At this level, the price of the algorithmic side of the issue becomes important. To ensure that the assembly of genomes does not take longer and does not cost more than their sequencing itself, it is necessary to develop very fast algorithms to solve the assembly problem. This will be discussed in the next article.

Literature:

Phillip E. C. Compeau, Pavel A. Pevzner. Genome Reconstruction: A Puzzle with a Billion Pieces. In Bioinformatics for Biologists.
Pevzner P.A., Tang H., Waterman M.S. An Eulerian path approach to DNA fragment assembly. Proc. Natl. Acad. Sci. USA, 98(17):9748-9753, 2001.
M.C. Schatz, A.L. Delcher, S. Salzberg. Assembly of large genomes using second-generation sequencing. Genome Research, 20(9):1165-1173, 2010.
M.Chaisson, P. Pevzner, H. Tang. Fragment assembly with short reads. Bioinformatics 20 (13): 2067-2074, 2004.

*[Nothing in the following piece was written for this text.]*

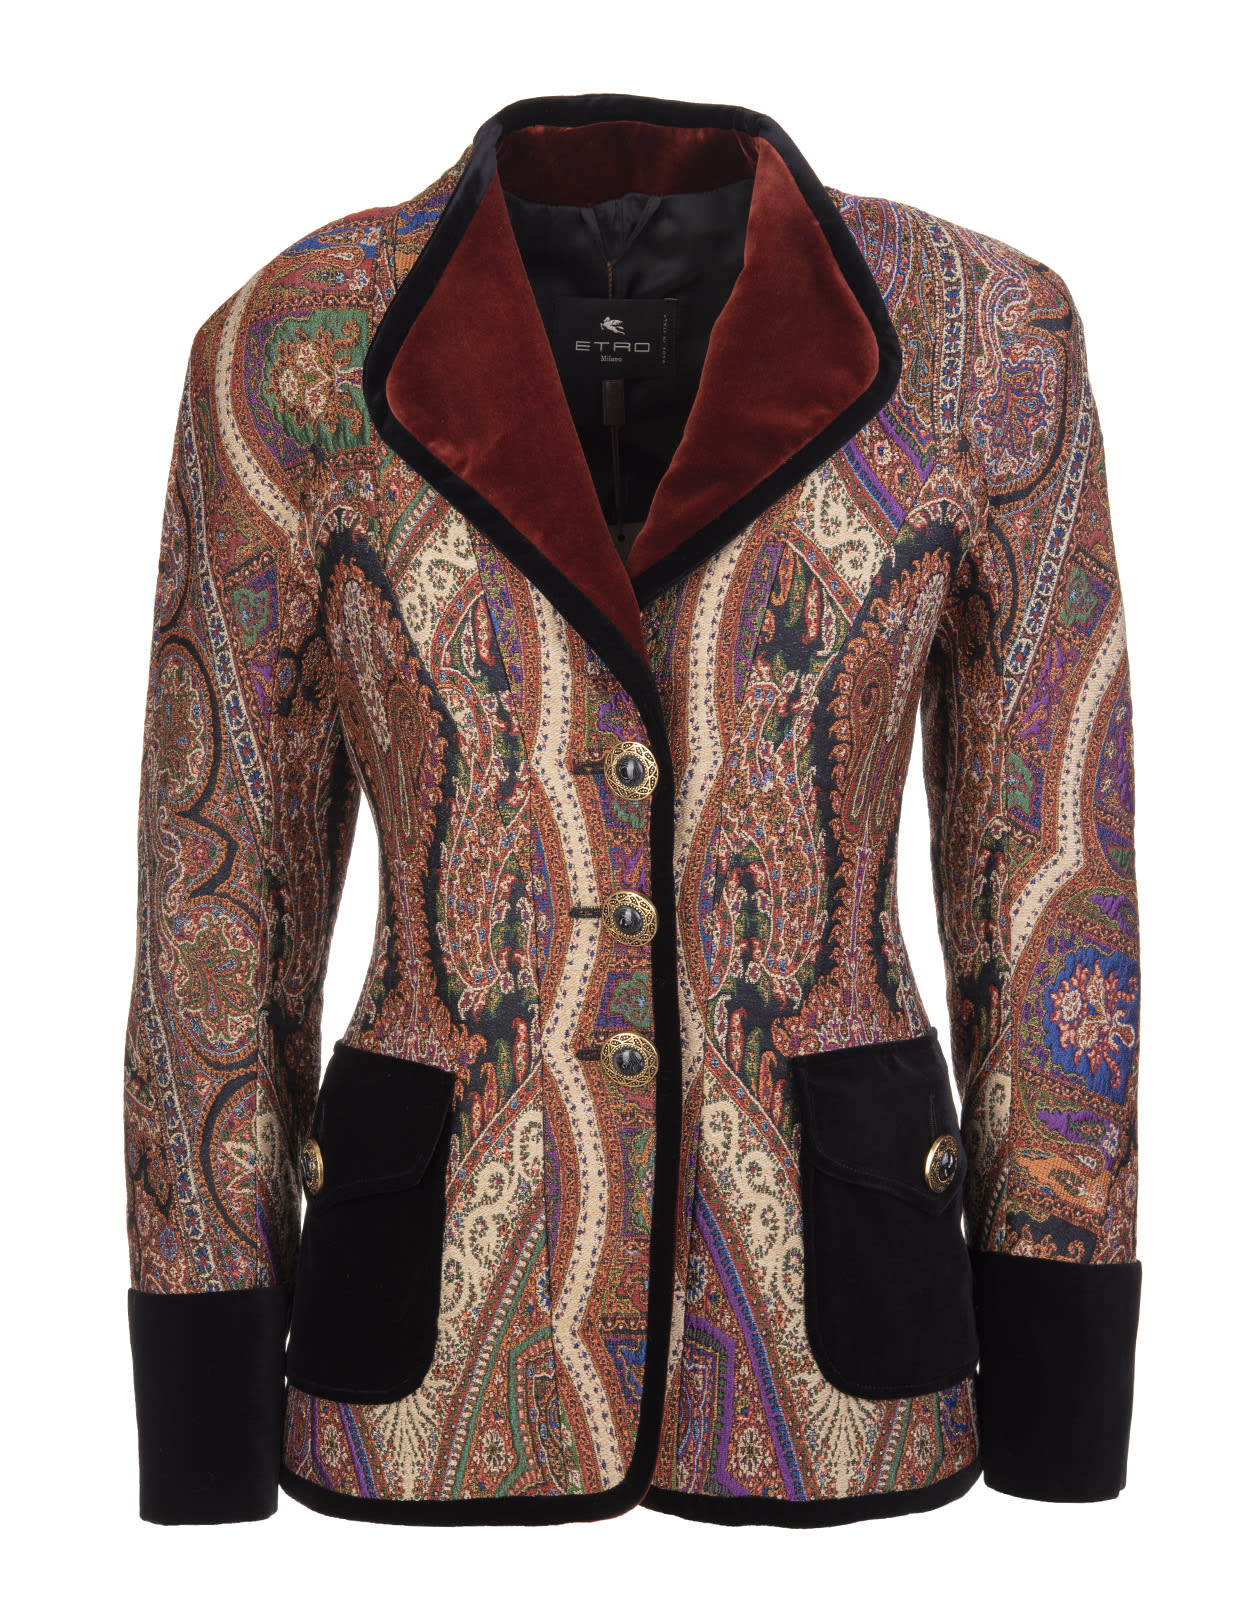 Etro Woman Jacquard Jacket With Paisley Pattern

Portal "Eternal youth" http://vechnayamolodost.ru 19.02.2013

Genome sequencing for dummies

Genomics: problem statement and sequencing methods

Related posts

Mikhail Gelfand: "Science benefits by its very existence"

AstraZeneca and Yandex will create a platform for cancer diagnosis

A recipe written in your genes

Artificial Intelligence made in China

What will genomic technologies lead to?